[DATA BELOW]
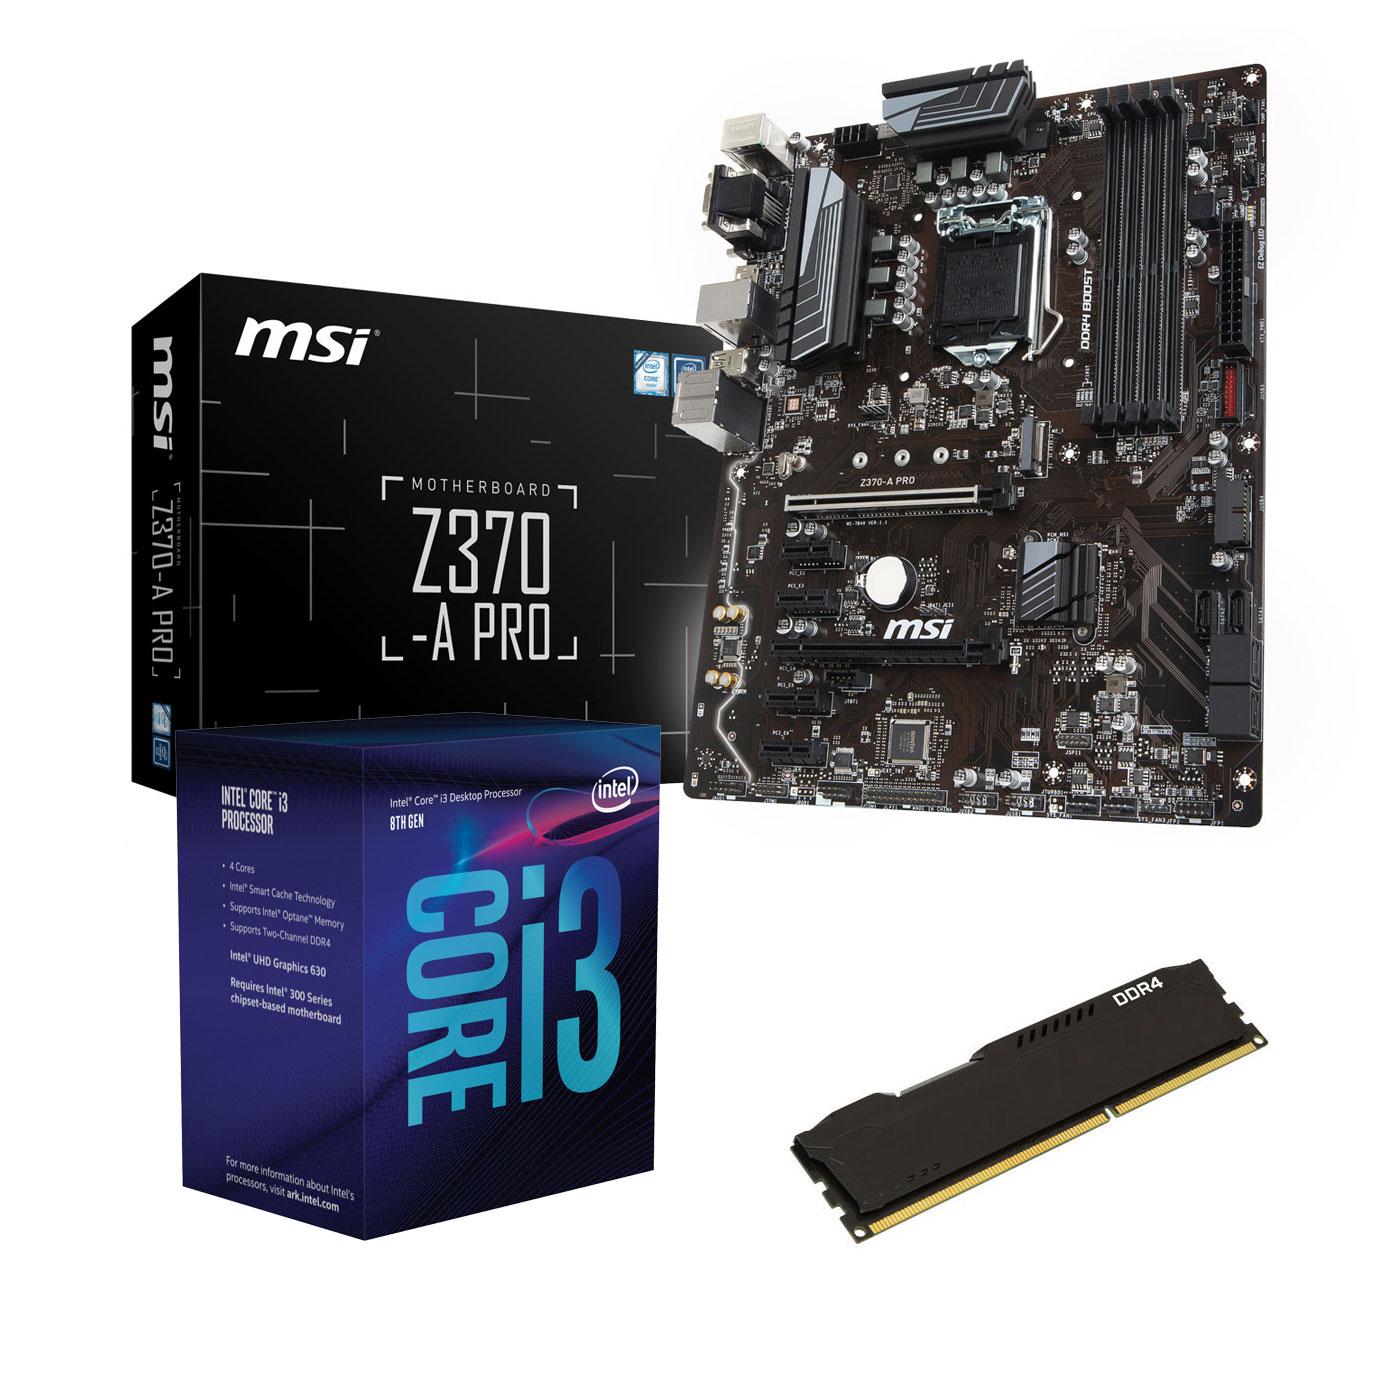 Kit upgrade PC Kit Upgrade PC Core i3 MSI Z370-A PRO 4 Go Carte mère Socket 1151 Intel Z370 Express + CPU Intel Core i3-8100 (3.6 GHz) + RAM 4 Go DDR4
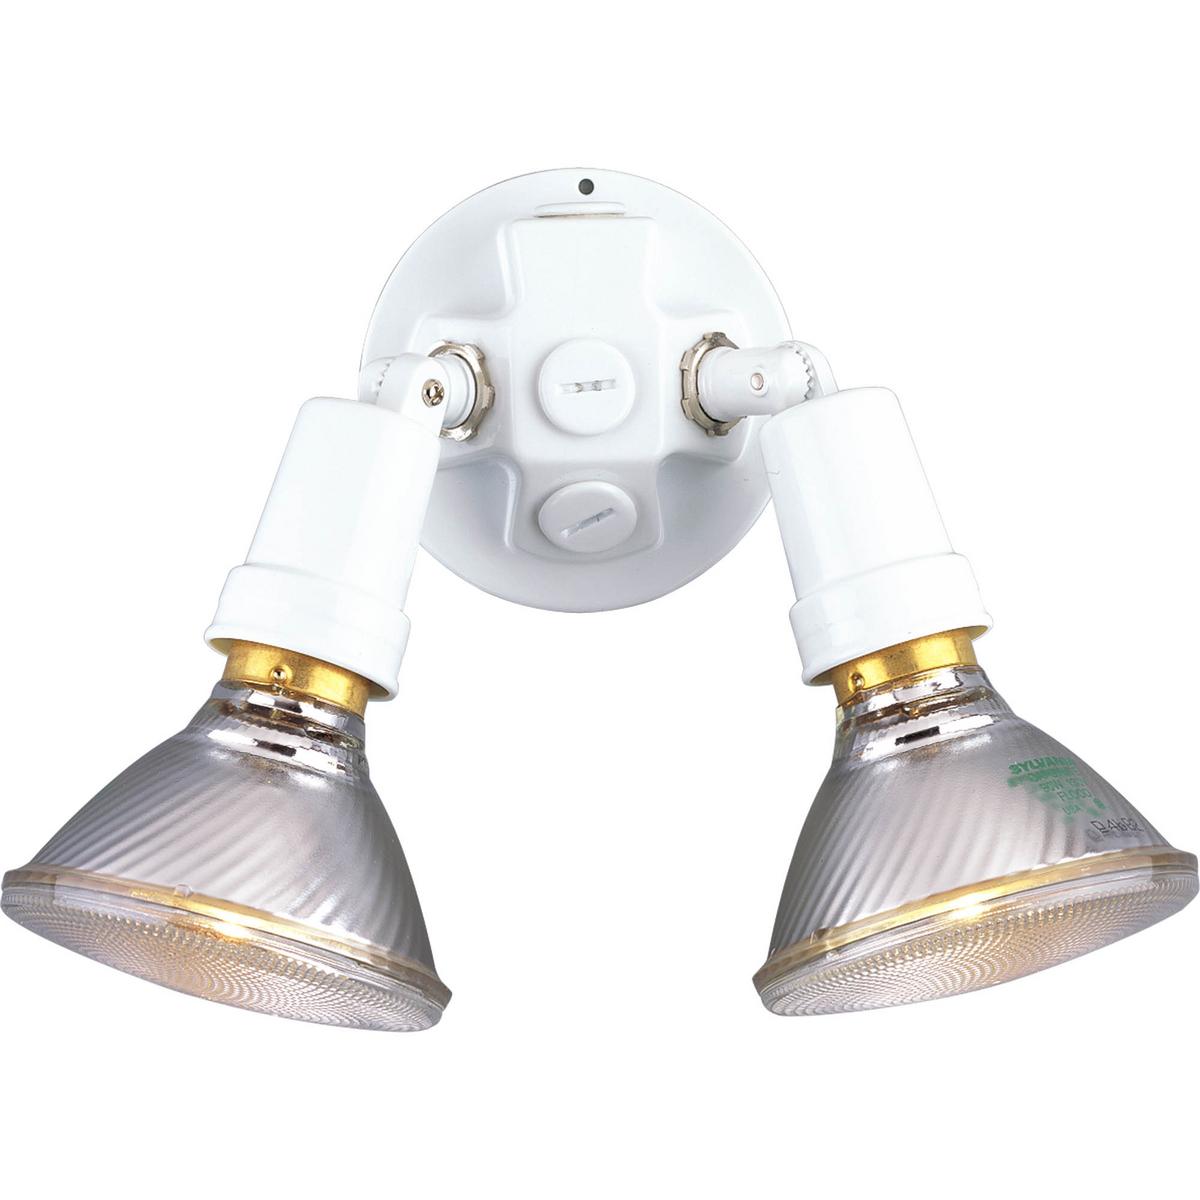 PRO P5207-30 Two Light White Outdoor Flood Light 2X150M
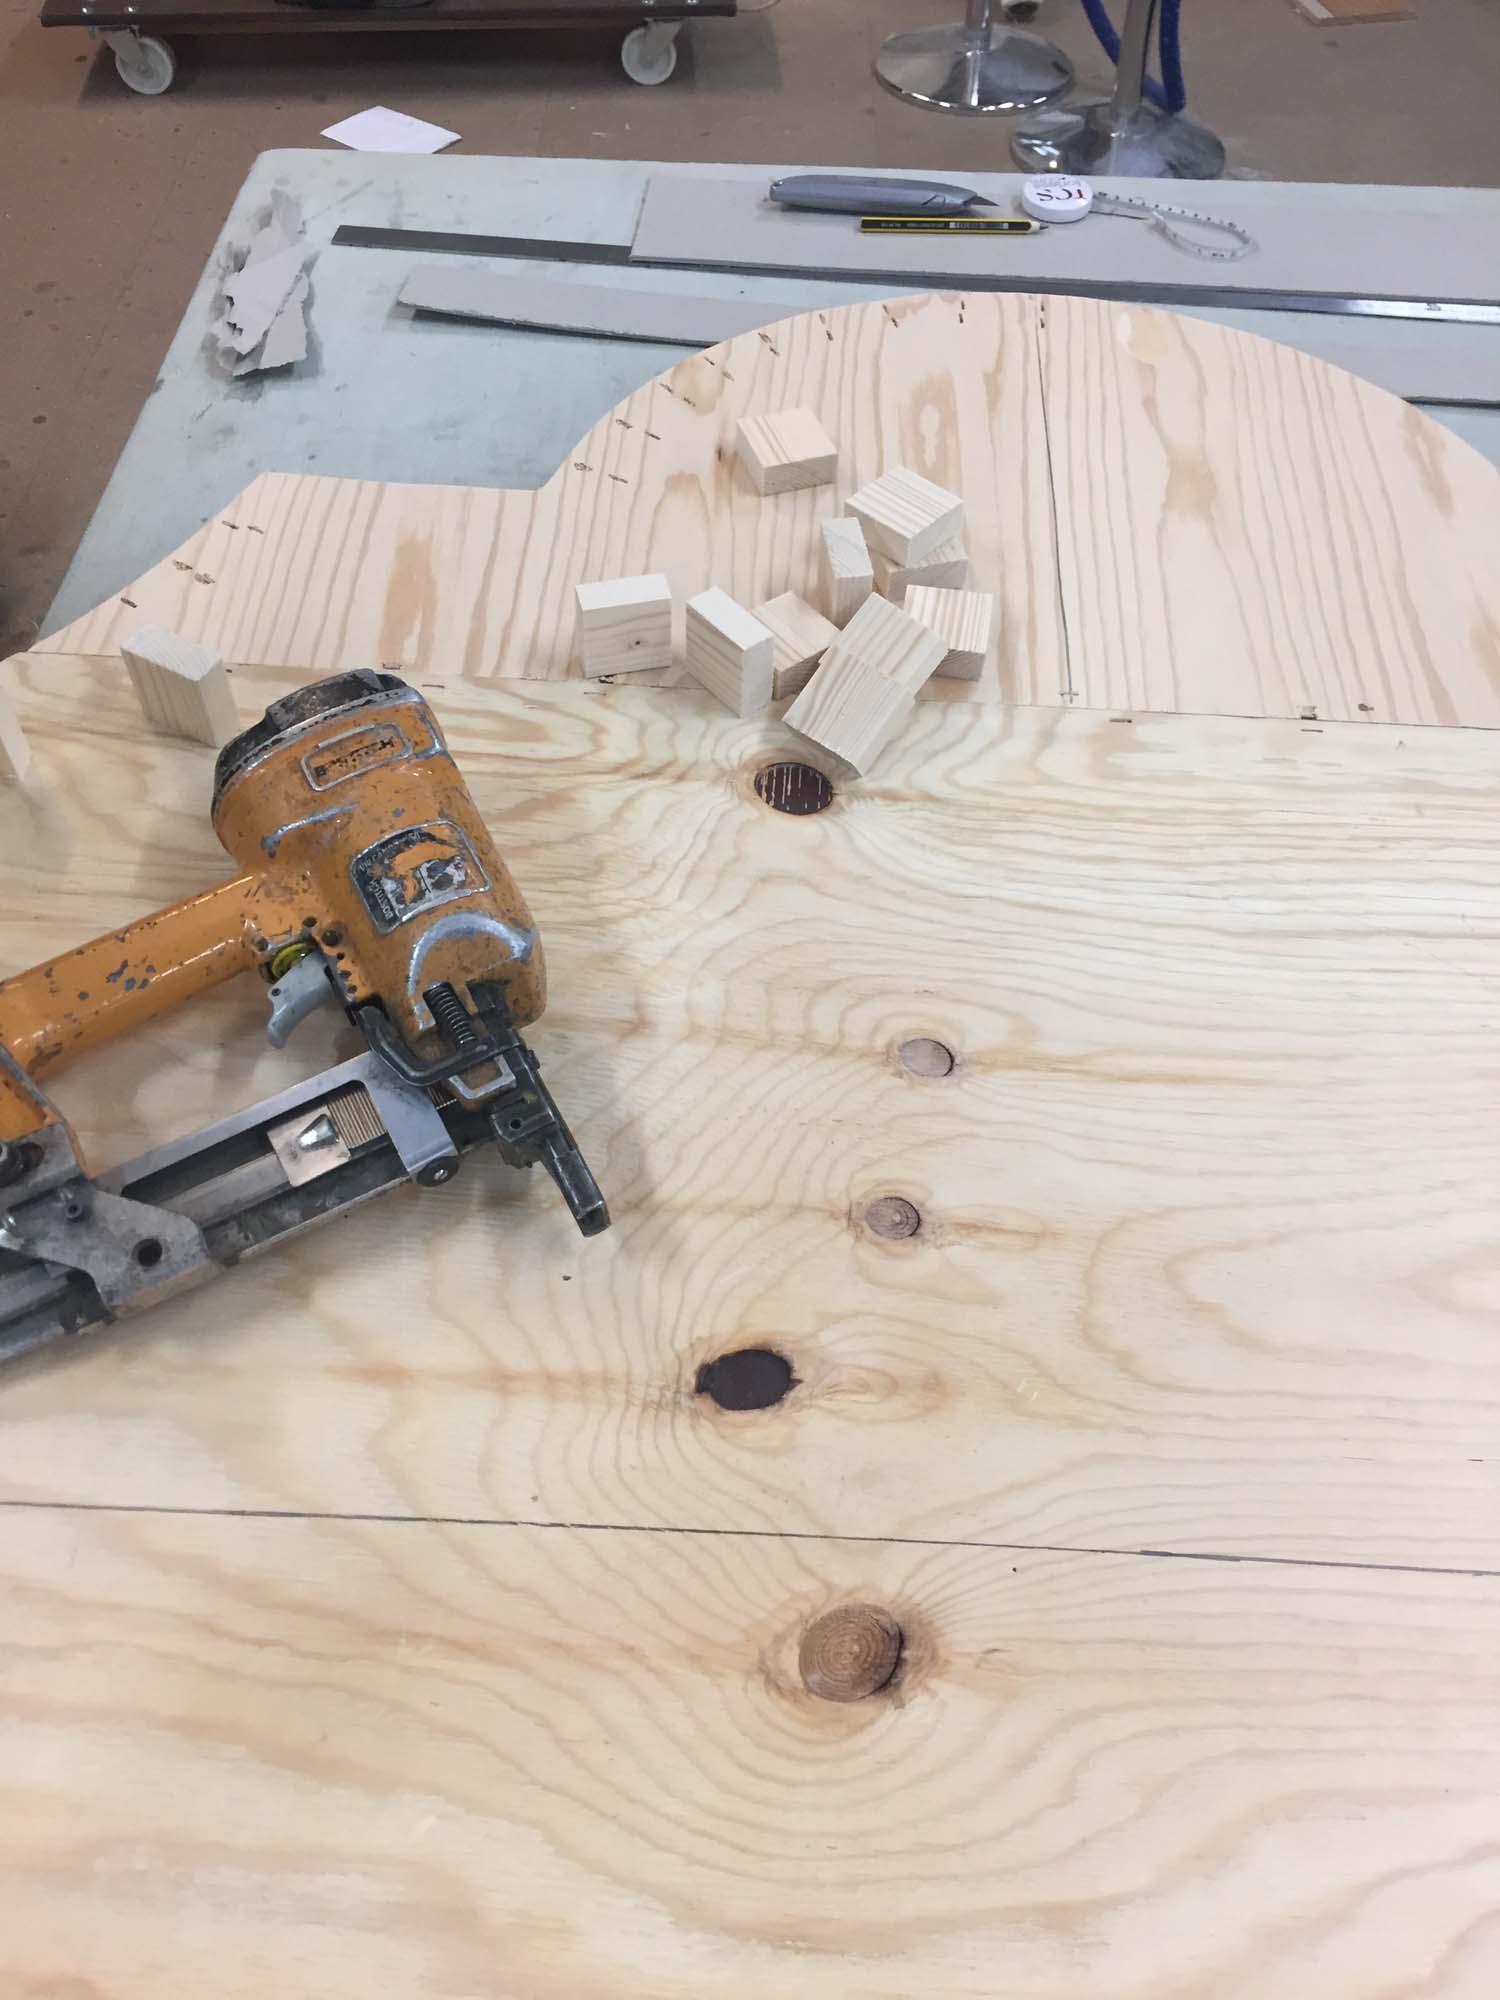 Shaping my headboard
[/DATA BELOW]
> _WHAT TO WORK ON_: When you repeat the data, keep it exact and drop every picture.

> _REPLY_:
 Kit upgrade PC Kit Upgrade PC Core i3 MSI Z370-A PRO 4 Go Carte mère Socket 1151 Intel Z370 Express + CPU Intel Core i3-8100 (3.6 GHz) + RAM 4 Go DDR4
 PRO P5207-30 Two Light White Outdoor Flood Light 2X150M
 Shaping my headboard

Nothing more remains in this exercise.